Provided data:
----

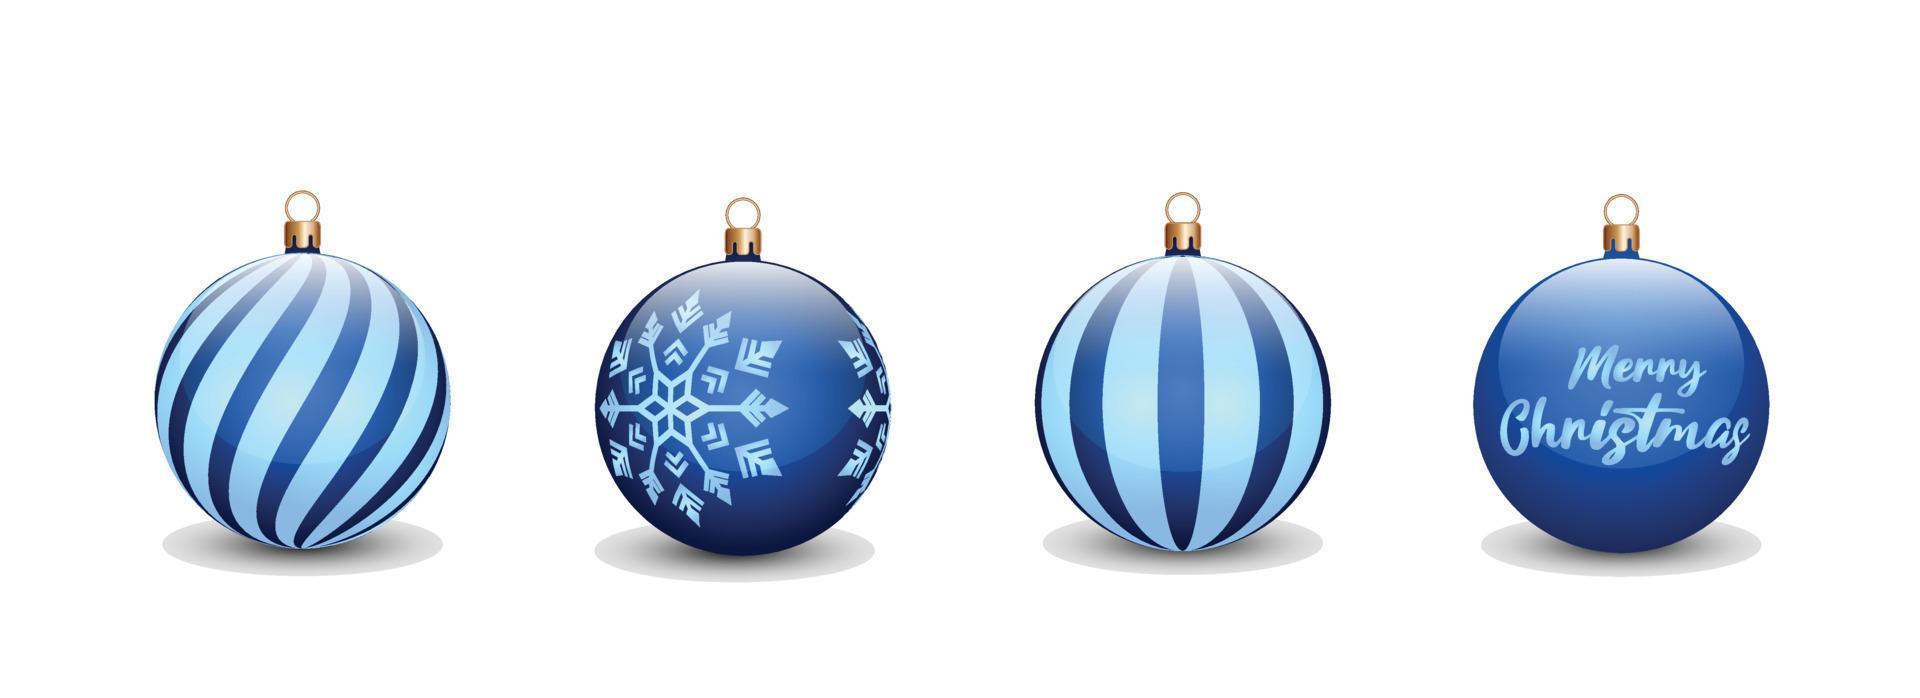 conjunto de conceito de bolas de natal na cor azul para a celebração do dia de natal. pode ser usado para ativos de design, convites, cartazes, banners, outdoors com um conceito de natal vetor
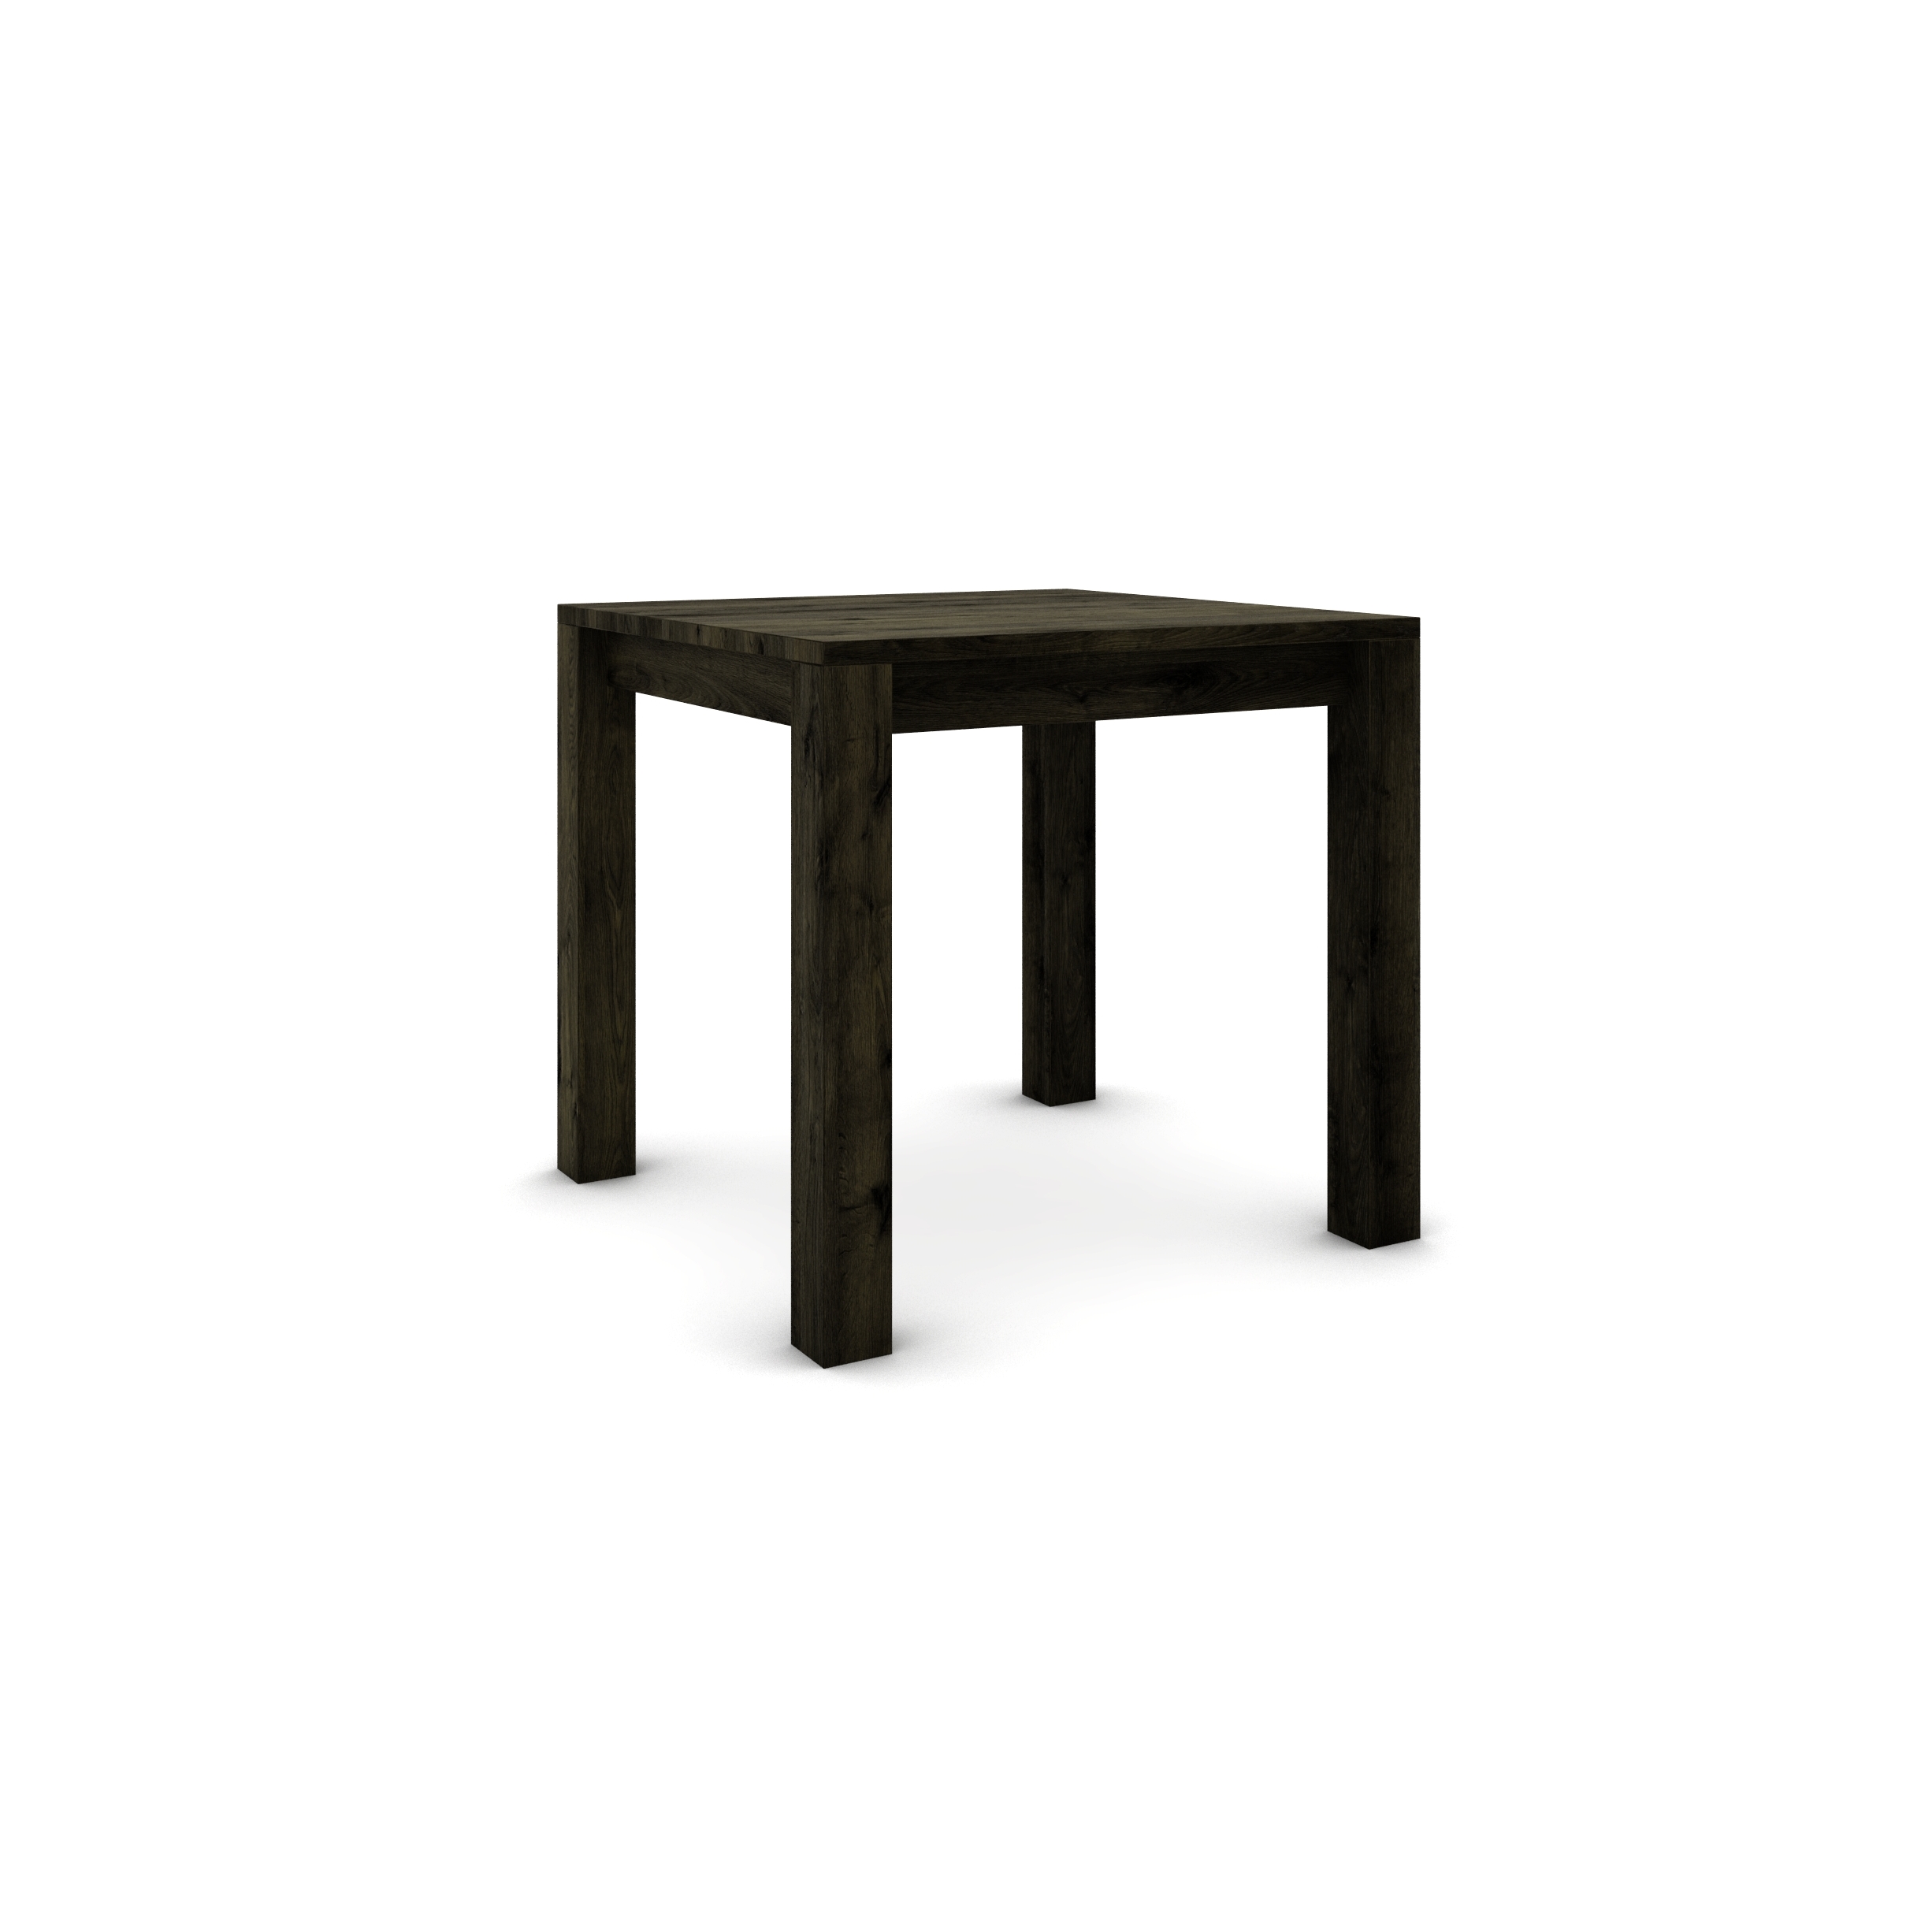 Dubový stôl 80 x 80 cm , čierny so strieborným efektom
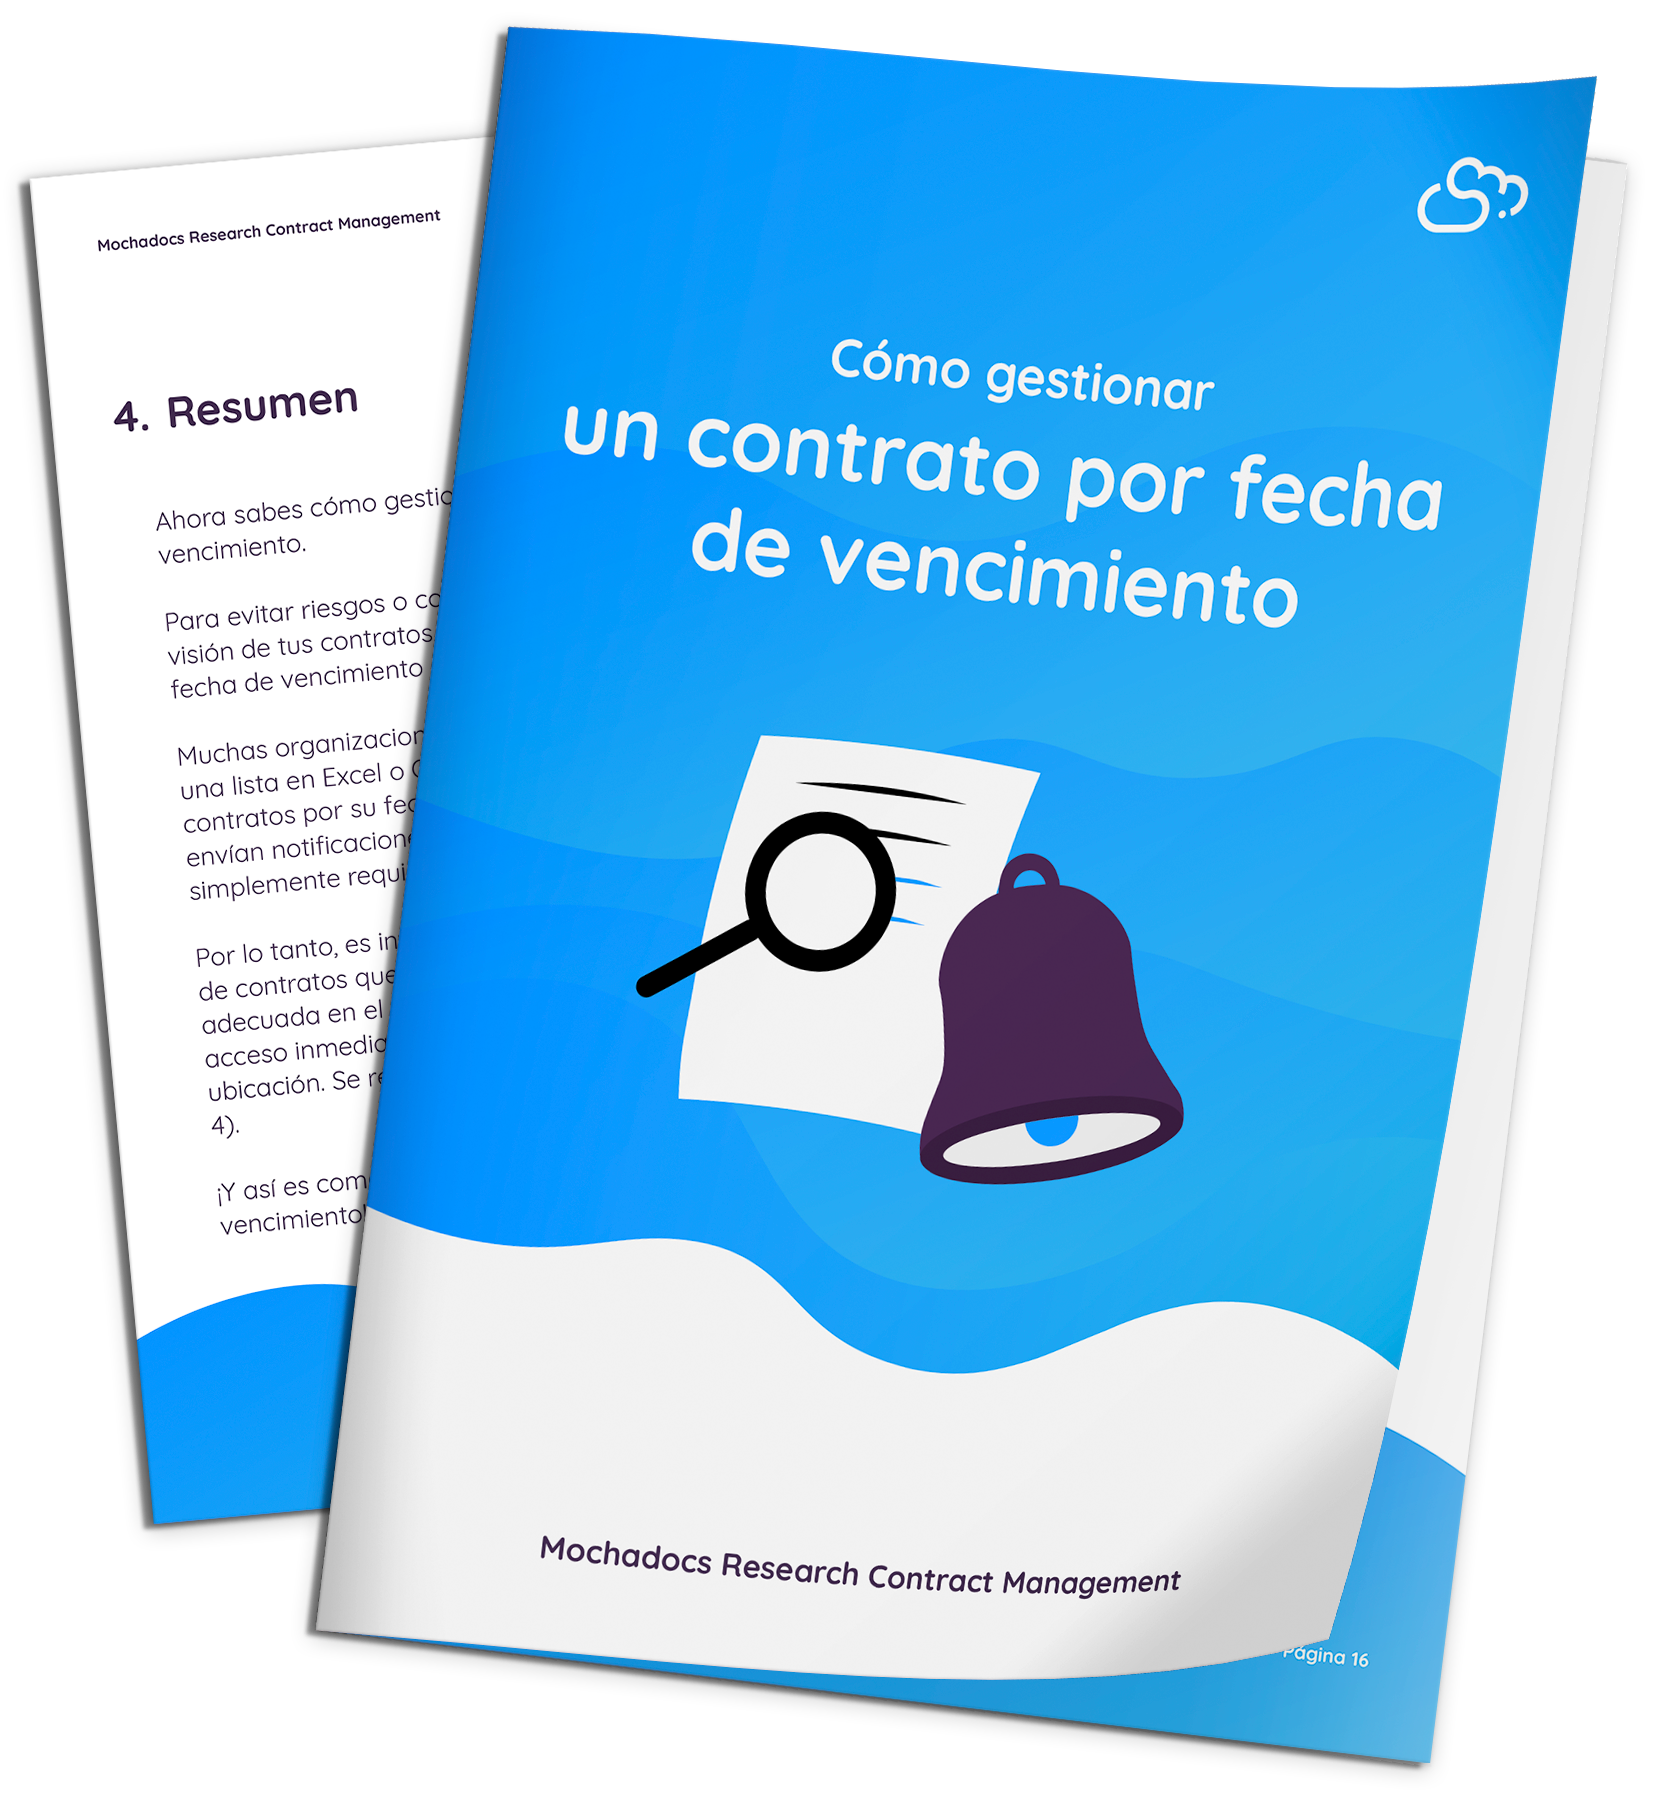 Mochadocs - Contract Management - eBook - Cómo gestionar un contrato por fecha de vencimiento

----

Activity:
Copy out the whole listing word for word, except for any picture it includes.

Answer section:
 conjunto de conceito de bolas de natal na cor azul para a celebração do dia de natal. pode ser usado para ativos de design, convites, cartazes, banners, outdoors com um conceito de natal vetor
 Dubový stôl 80 x 80 cm , čierny so strieborným efektom
 Mochadocs - Contract Management - eBook - Cómo gestionar un contrato por fecha de vencimiento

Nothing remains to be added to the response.